When Russ Melton says he'll return your phone call at a certain time barring something blowing up, burning down or collapsing, he's not kidding. A partner and catastrophic-loss team leader at Meagher & Geer, he knows his way around explosions.
After a seven-year stint in the 1960s as a Navy engineer on a nuclear submarine, Melton found work building computers and working with metals and die casting. During that time he saw that the companies he worked for all had lawyers to represent them and started taking classes at William Mitchell. "It looks like I planned it if you look at my résumé-14 years of school by day, work by night; or work by day and school by night," he says.
He graduated and made his way to Meagher & Geer.

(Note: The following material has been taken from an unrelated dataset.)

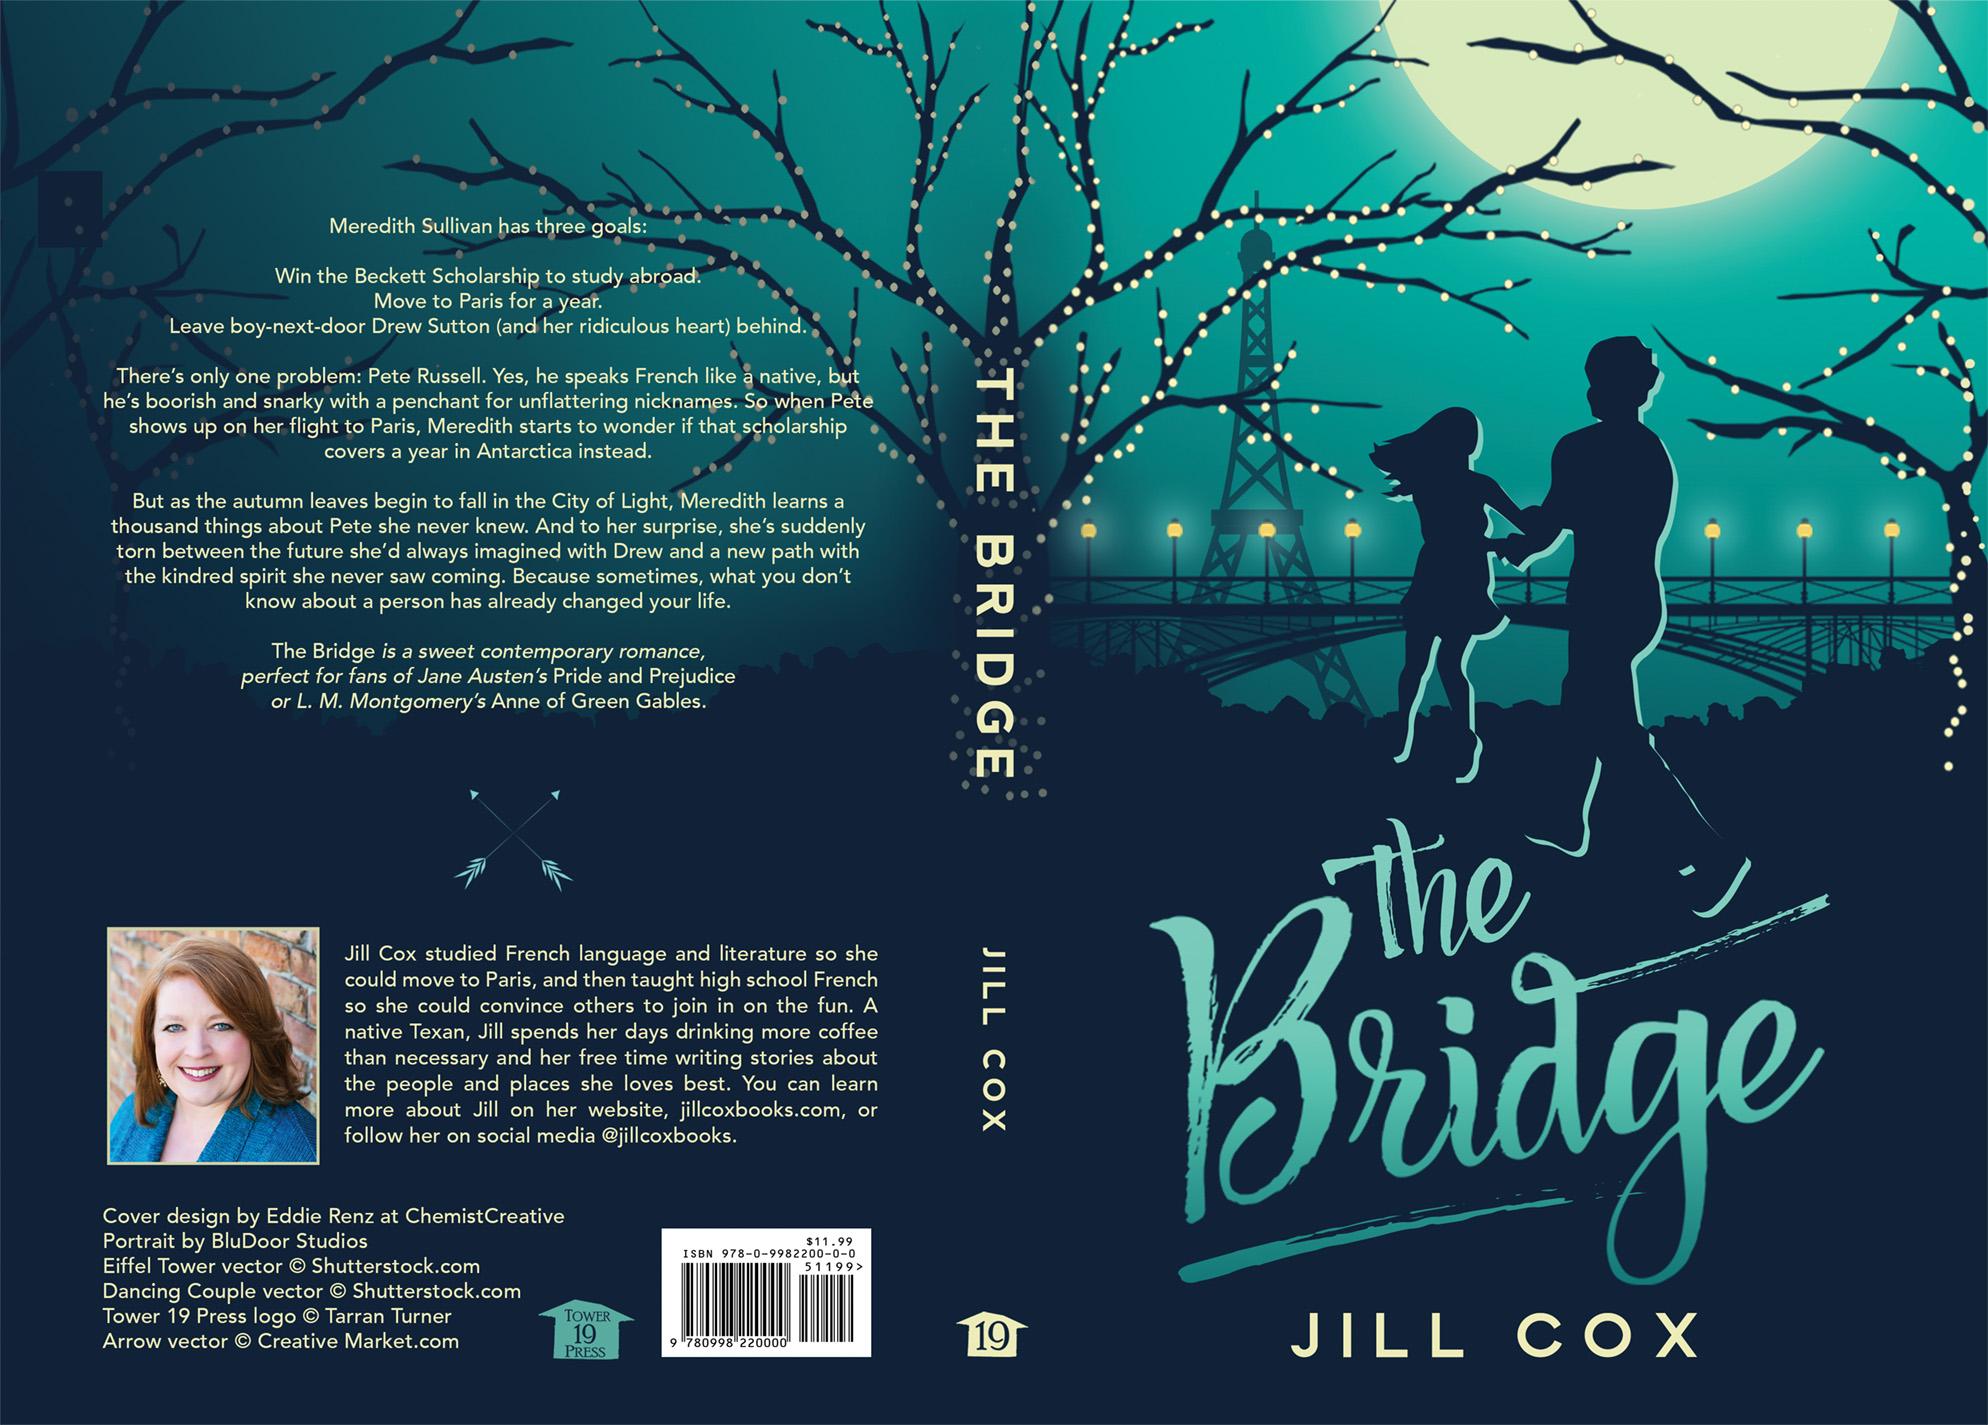 New Book Cover for The Bridge | ChemistCreative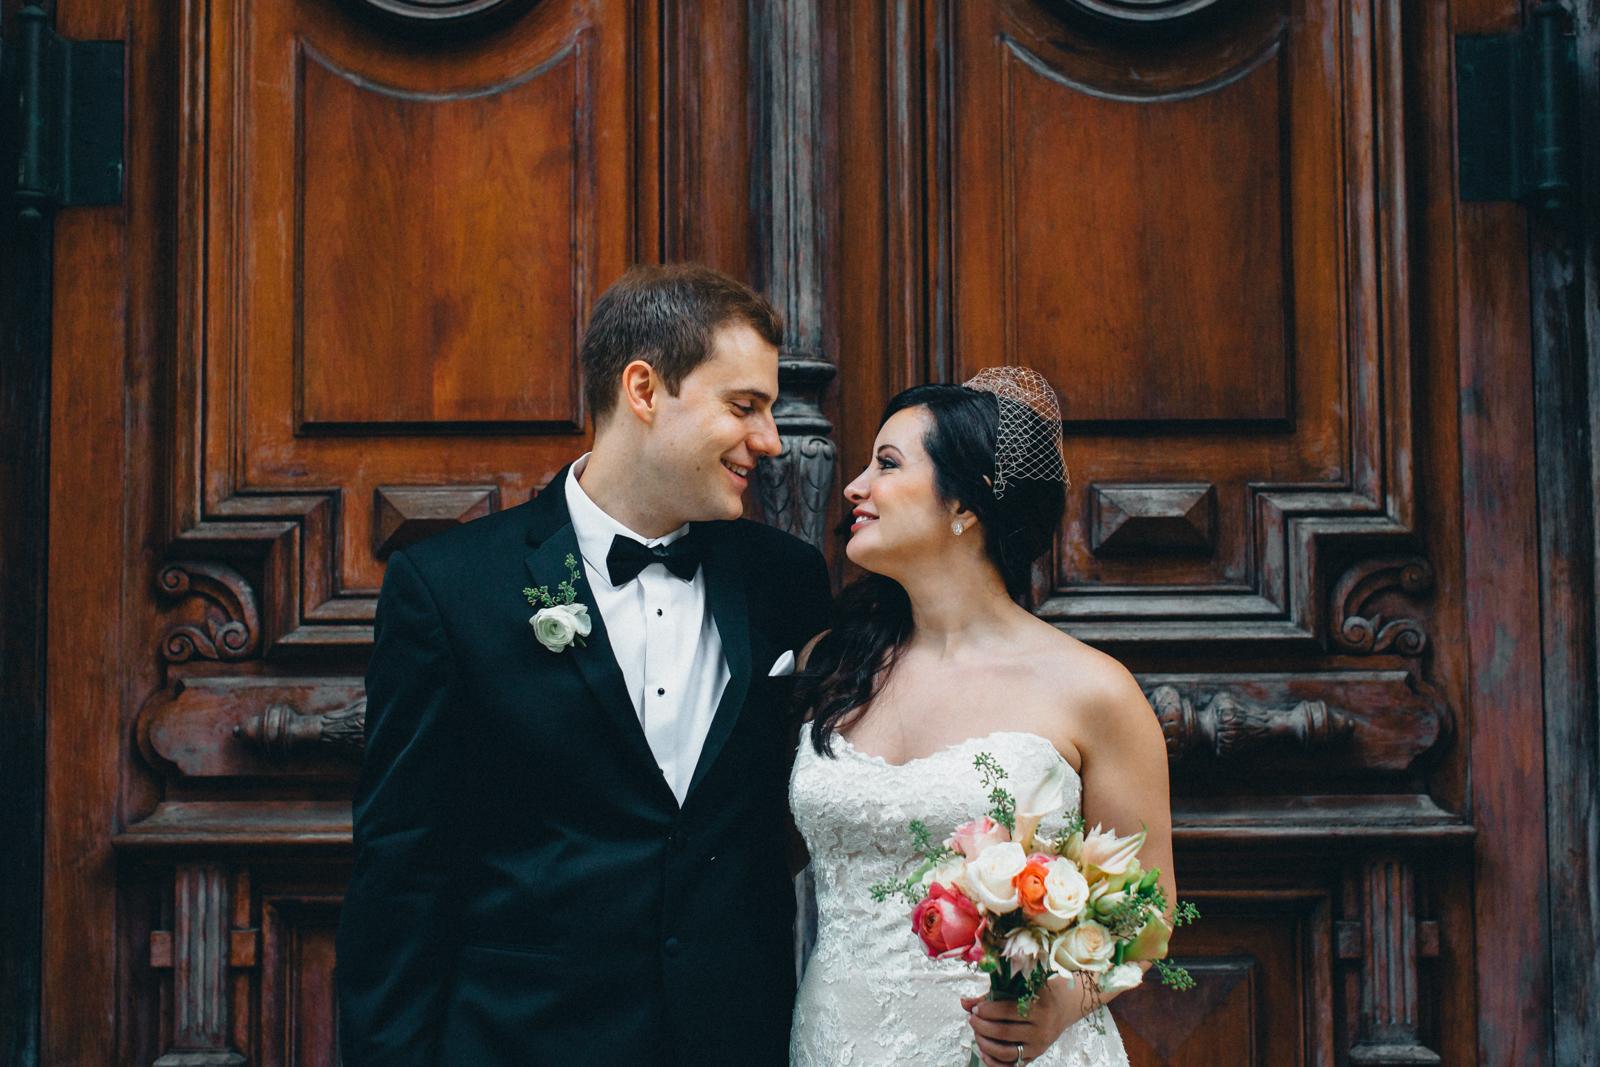 NYC Wedding Photography Lofts at Prince Brooklyn NYC Photographer Boris Zaretsky _B2C7988.jpg

"I love my job," says Melton. "It's pretty much a job I designed. How could I not love it?" His list of qualifications is a long one, including nuclear engineering, metallurgical engineering and certification in propane and Hazardous Waste Operations and Emergency Responses (HAZWOPER). "Even my executive assistant is certified in propane and HAZWOPER," says Melton.
Melton likes being proactive. "Do you wait for a case before you learn what it's about, or do you seek out the training because the work comes to you?" Melton is clearly in the latter category. But then again, it would be hard not to get excited about learning when it involves spending months staging explosions and fires (with donated houses, boats, etc.) in order to gather data for current and future catastrophic-loss cases.
The catastrophic-loss lawyers at Meagher & Geer are good at cross-examining witnesses in the courtroom and gathering evidence in an "exclusionary zone"-the part of an accident scene where only police and other emergency response professionals may enter. It's critical to find every piece of evidence immediately, because some cases last for years. "You can't go back [to get more evidence] after that amount of time," says Melton.
He has seen more than his fair share of explosions, fires and collapsed buildings. But with every calamity, there is the opportunity to learn-and to help his clients. "We're litigators, yes," Melton says. "But more importantly we're problem solvers."